Spark Shuffle out-of-heap memory overflow problem and resolution (Shuffle communication principle)

Last Update:2016-03-07 Source: Internet

Author: User

Tags shuffle

Developer on Alibaba Coud: Build your first app with APIs, SDKs, and tutorials on the Alibaba Cloud. Read more ＞

Spark Shuffleout-of-heap memory overflow problem and resolution (Shufflecommunication principle)Problem description

Spark-1.6.0 was already in January release, in order to verify its performance, I used some large SQL to verify its performance, some of the SQL The Shuffle Failure issue occurs with detailed stack information as follows:

16/02/17 15:36:36 WARN Server. Transportchannelhandler:exception in connection from/10.196.134.220:7337

Java.lang.OutOfMemoryError:Direct Buffer Memory

At Java.nio.Bits.reserveMemory (bits.java:658)

At Java.nio.directbytebuffer.<init> (directbytebuffer.java:123)

At Java.nio.ByteBuffer.allocateDirect (bytebuffer.java:306)

At Io.netty.buffer.poolarena$directarena.newchunk (poolarena.java:645)

At Io.netty.buffer.PoolArena.allocateNormal (poolarena.java:228)

At Io.netty.buffer.PoolArena.allocate (poolarena.java:212)

At Io.netty.buffer.PoolArena.allocate (poolarena.java:132)

At Io.netty.buffer.PooledByteBufAllocator.newDirectBuffer (pooledbytebufallocator.java:271)

At Io.netty.buffer.AbstractByteBufAllocator.directBuffer (abstractbytebufallocator.java:155)

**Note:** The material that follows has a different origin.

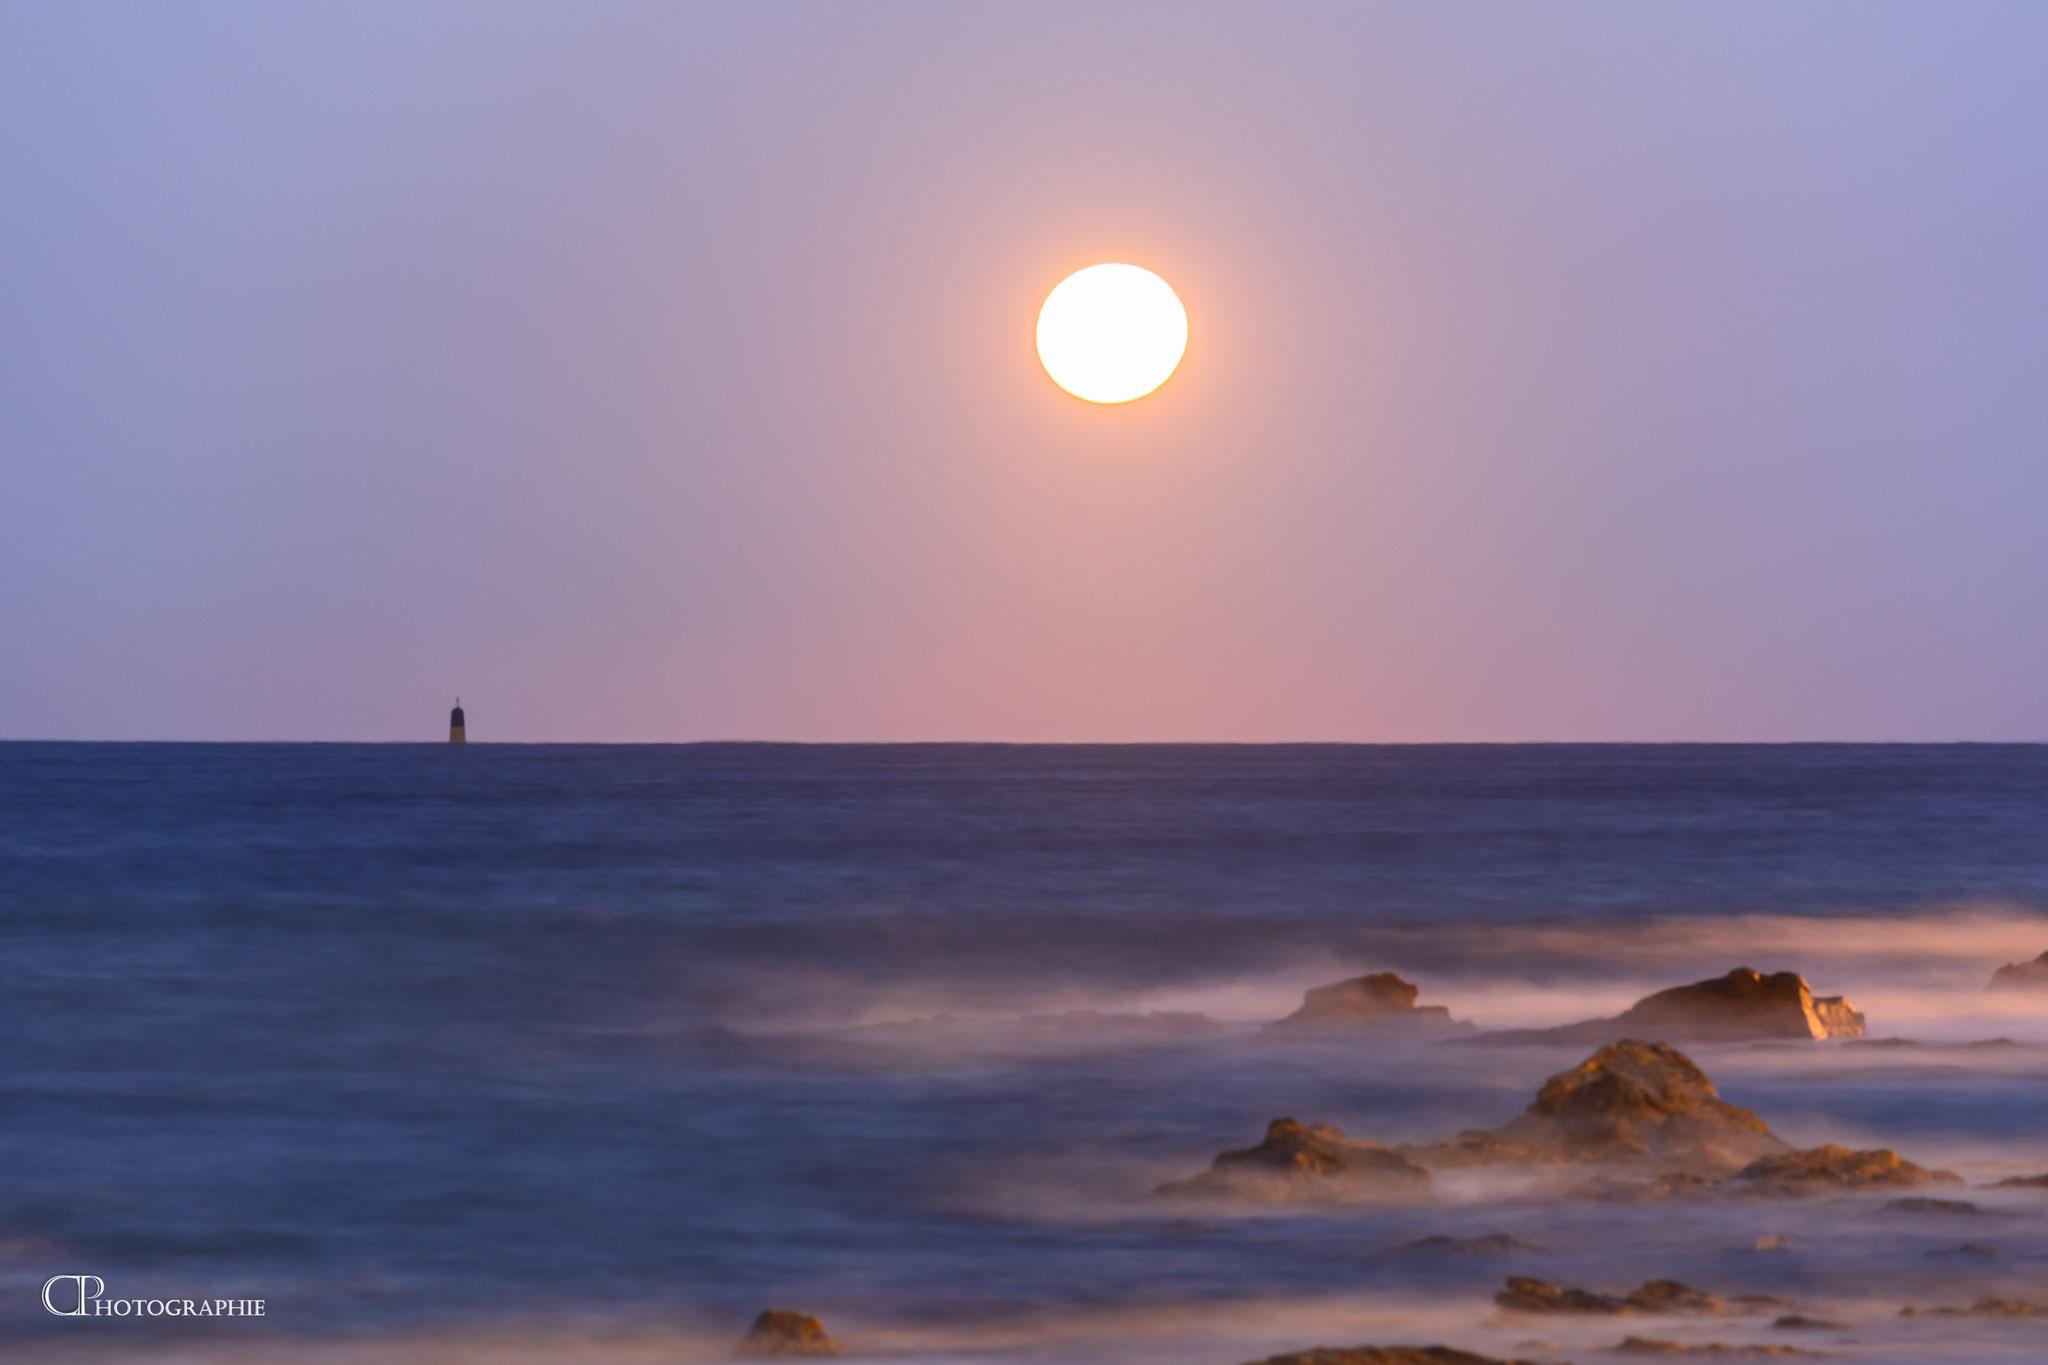 Lune solaire - Photo 3

At Io.netty.buffer.AbstractByteBufAllocator.directBuffer (abstractbytebufallocator.java:146)

At Io.netty.buffer.AbstractByteBufAllocator.ioBuffer (abstractbytebufallocator.java:107)

At Io.netty.channel.adaptiverecvbytebufallocator$handleimpl.allocate (adaptiverecvbytebufallocator.java:104)

At Io.netty.channel.nio.abstractniobytechannel$niobyteunsafe.read (abstractniobytechannel.java:117)

At Io.netty.channel.nio.NioEventLoop.processSelectedKey (nioeventloop.java:511)

At Io.netty.channel.nio.NioEventLoop.processSelectedKeysOptimized (nioeventloop.java:468)

At Io.netty.channel.nio.NioEventLoop.processSelectedKeys (nioeventloop.java:382)

At Io.netty.channel.nio.NioEventLoop.run (nioeventloop.java:354)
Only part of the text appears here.